Task: Go through the data and copy each line where the word "with" shows up.

Exercise material:
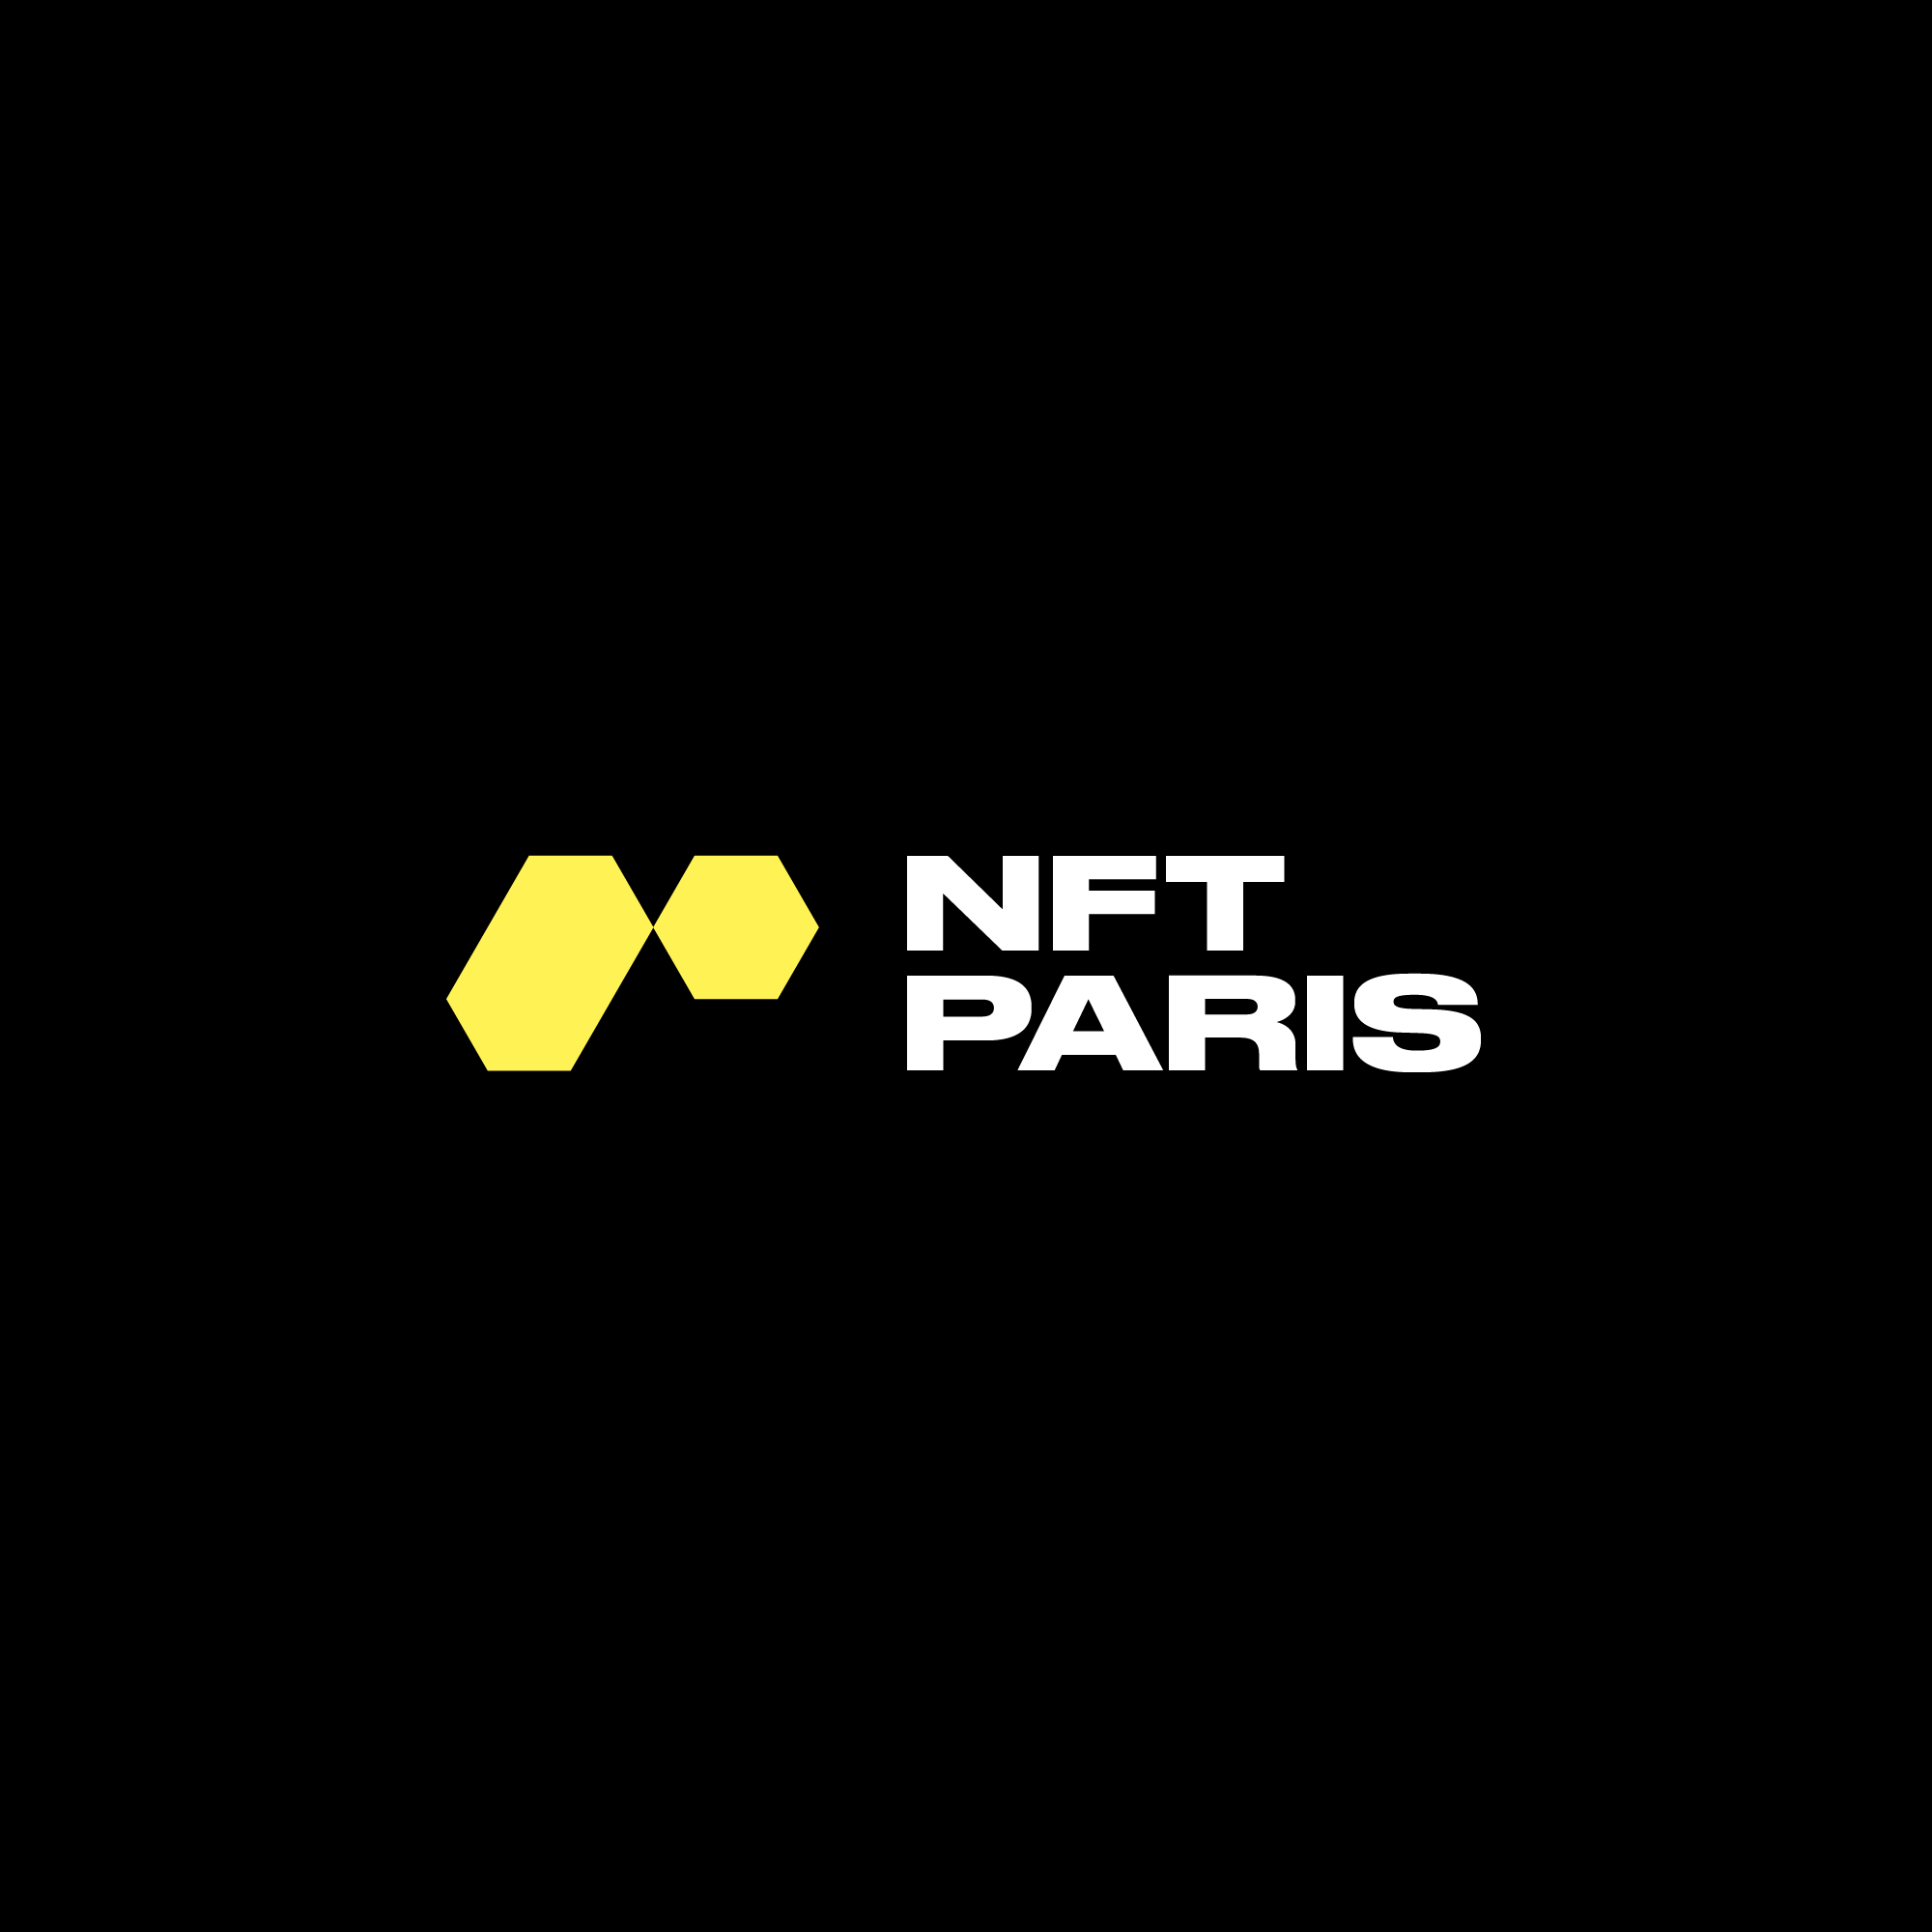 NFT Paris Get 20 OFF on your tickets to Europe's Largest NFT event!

* * *

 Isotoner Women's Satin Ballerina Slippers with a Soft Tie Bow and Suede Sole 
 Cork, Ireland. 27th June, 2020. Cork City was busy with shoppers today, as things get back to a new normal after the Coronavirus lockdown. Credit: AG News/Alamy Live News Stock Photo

==

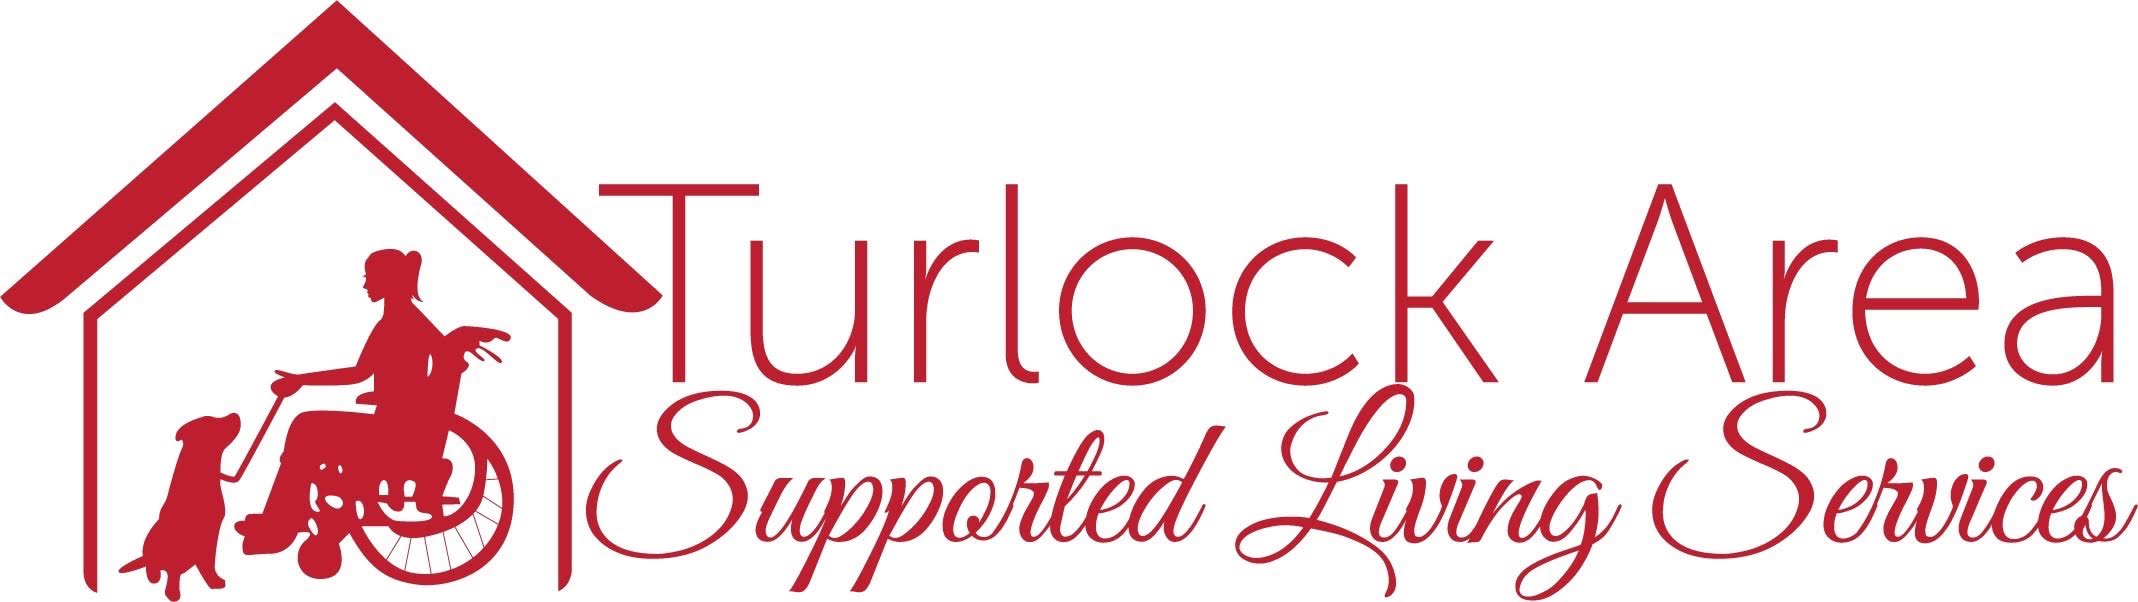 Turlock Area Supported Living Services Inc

Answer:
 Isotoner Women's Satin Ballerina Slippers with a Soft Tie Bow and Suede Sole 
 Cork, Ireland. 27th June, 2020. Cork City was busy with shoppers today, as things get back to a new normal after the Coronavirus lockdown. Credit: AG News/Alamy Live News Stock Photo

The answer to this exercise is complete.